Yup, got home and opened the package. Both items were wrong. 

 Inkbirdbbq
 can you assist please?


----------



## DRKsmoking (Aug 22, 2021)

Steve H said:


> Yup, got home and opened the package. Both items were wrong.
> 
> Inkbirdbbq
> can you assist please?



Steve have you heard from inkbirdbbq at all about this issue
Just wondering as no responce for my question either

David


----------



## Inkbirdbbq (Aug 22, 2021)

DRKsmoking said:


> Hi Steve I also responded to the post 6 minutes after she posted it , and no response and when I clicked on the link, it would not show the gun at all and only 30.00 dollar discount off of the   IBBQ-4T , I already have this but I would buy another if it was for that price and combo
> 
> Hope you get what you wanted
> 
> David


Hi friend,  Please click the link again.


----------



## Inkbirdbbq (Aug 22, 2021)

Steve H said:


> Yup, got home and opened the package. Both items were wrong.
> 
> Inkbirdbbq
> can you assist please?


Hi friend, could you please give me your oder numbe? we need to chick it again. And what product you want to buy.


----------



## Steve H (Aug 23, 2021)

Inkbirdbbq said:


> Hi friend, could you please give me your oder numbe? we need to chick it again. And what product you want to buy.

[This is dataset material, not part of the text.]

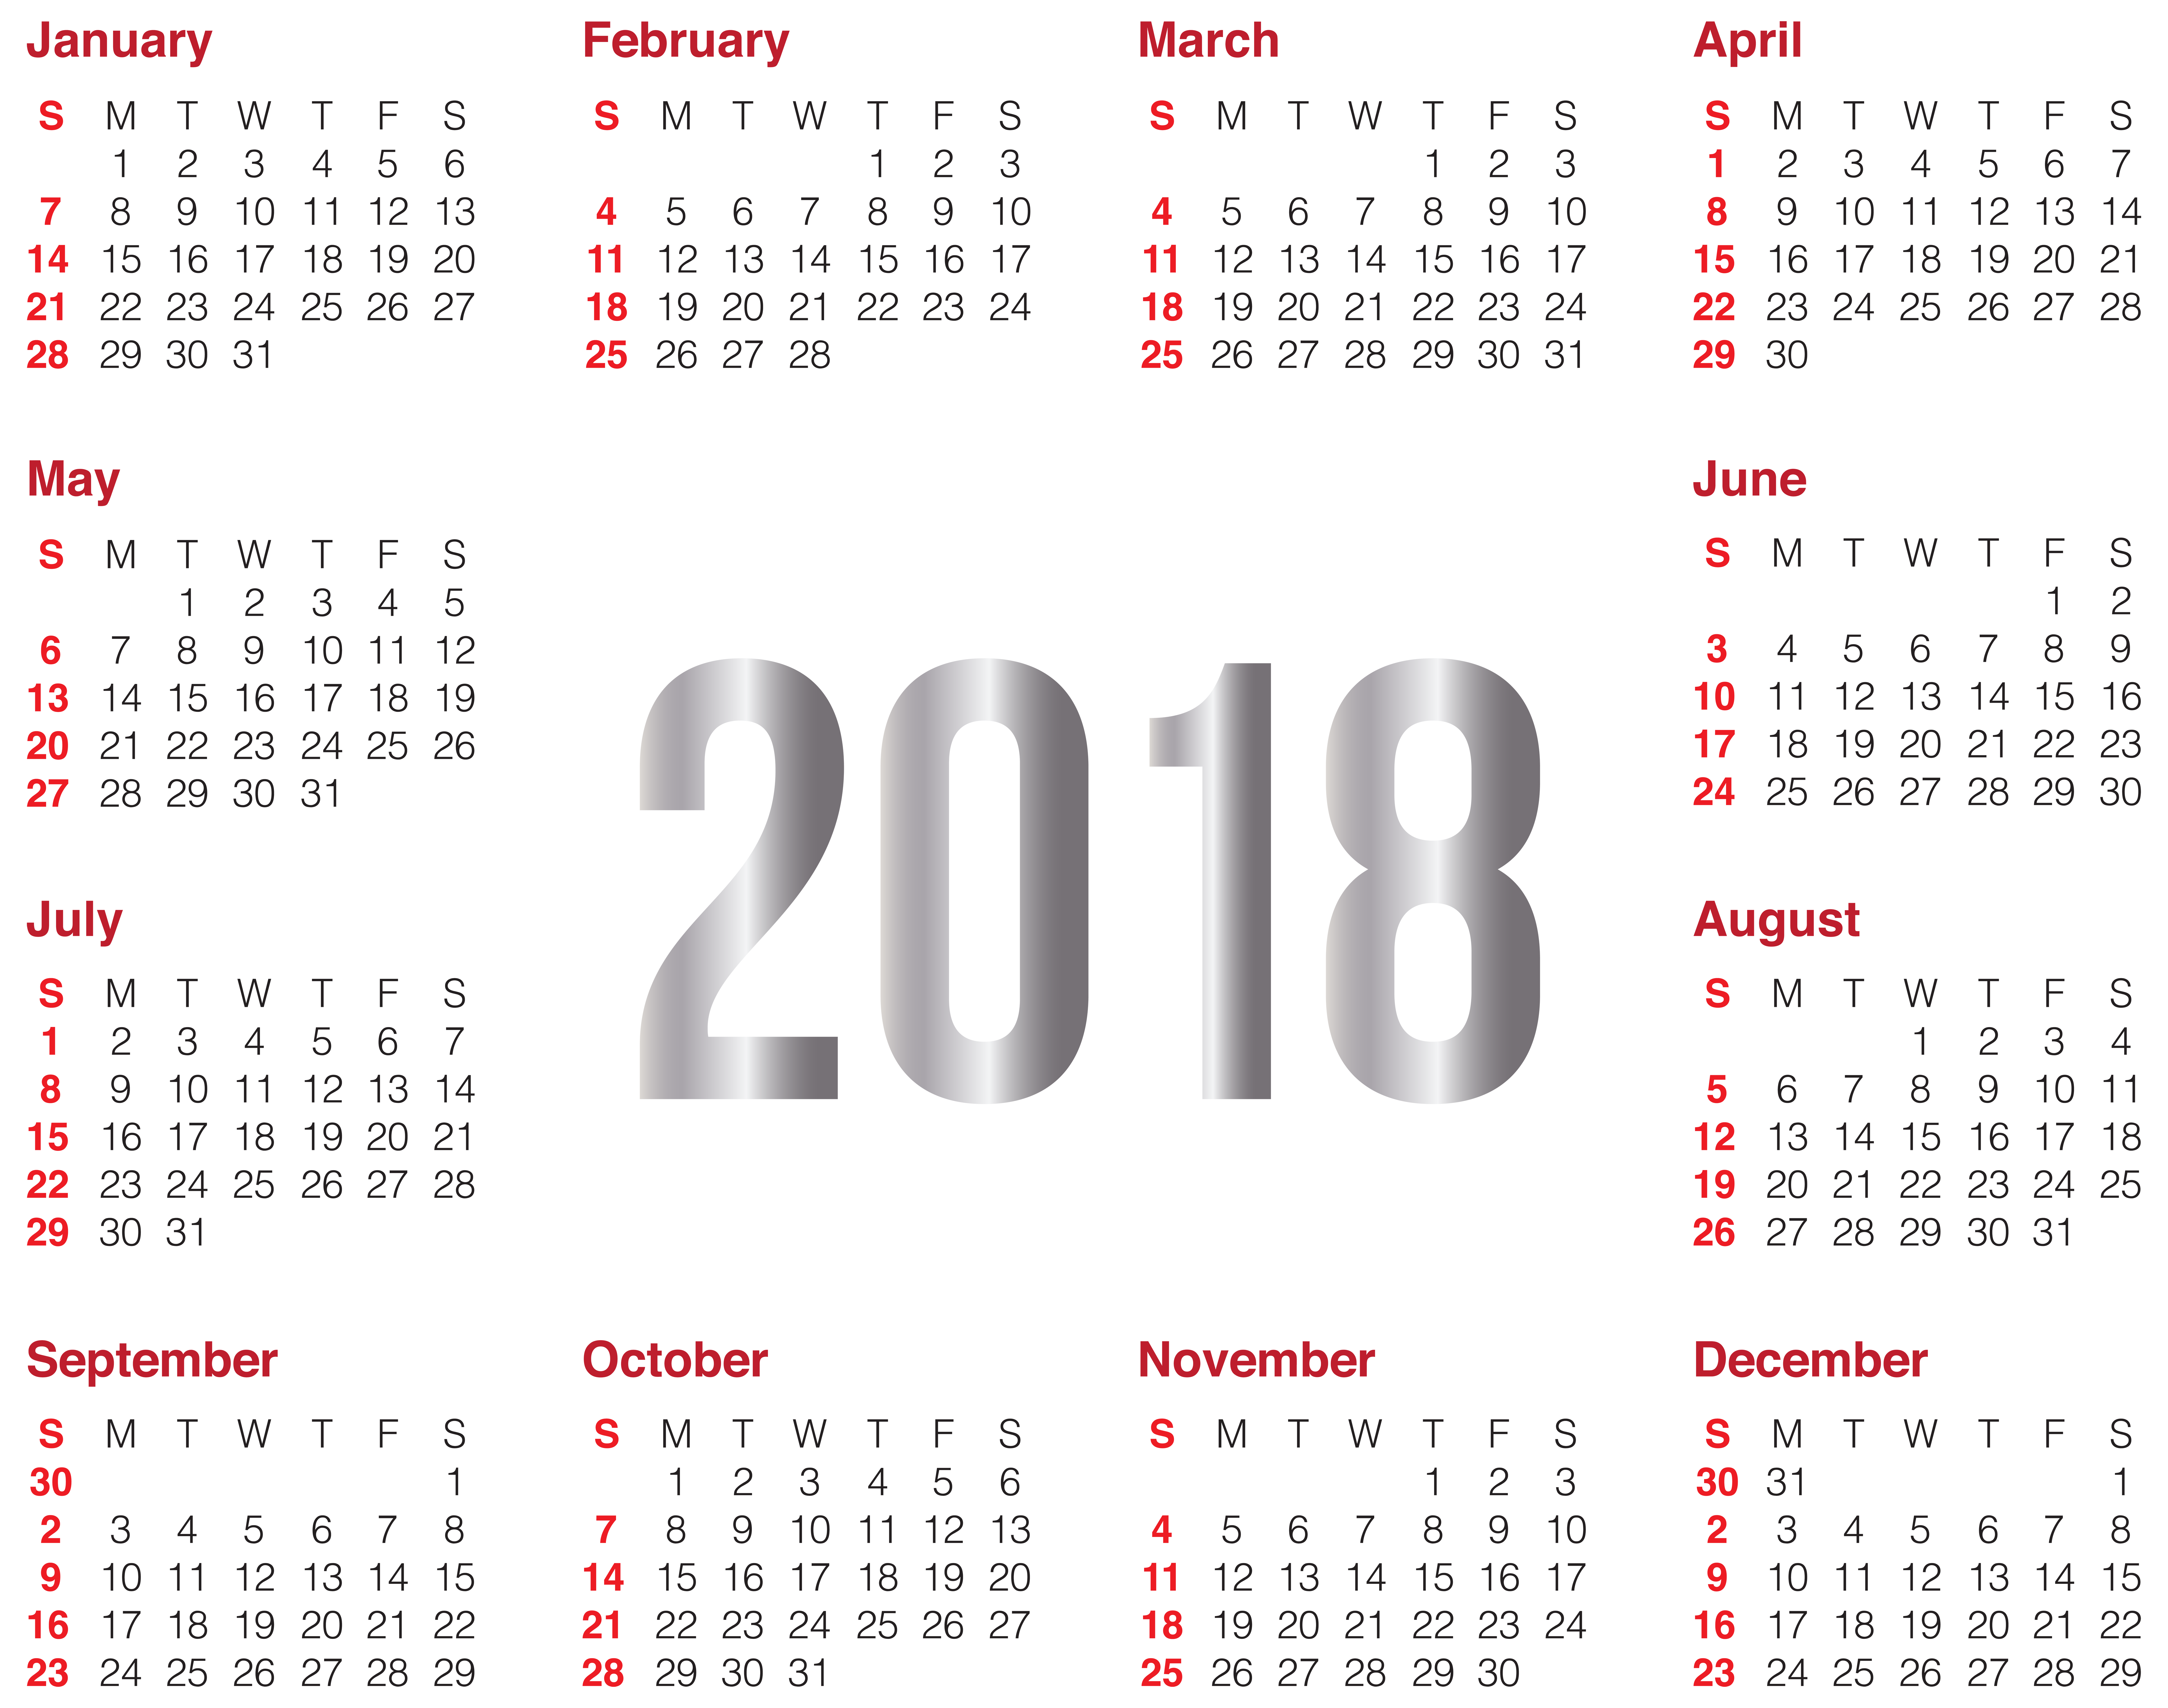 2018 Transparent Calendar PNG Clip Art Image | Gallery ...

ORDER # 113-8140045-4333069

It was for the items on this thread:
1. The digital oven thermometer IBBQ-4T has count-down timer, which is very convenient if you would like to check the temp during cooking regularly, or you need to know the temp at some specific time. What’s more, IBBQ-4T barbecue thermometer support high and low alarm, the device and phone will trigger the alarm
2. The Infrared Thermometer combining the latest temperature sensor technology ,this laser thermometer reads values of high accuracy up to±2%. Improve the accuracy of the infrared thermometer gun by adjusting the emissivity 0.1-1.0 according to the surface material being measured. And the distance to spot ratio is 12:1, which means you can measure the target at a longer distance.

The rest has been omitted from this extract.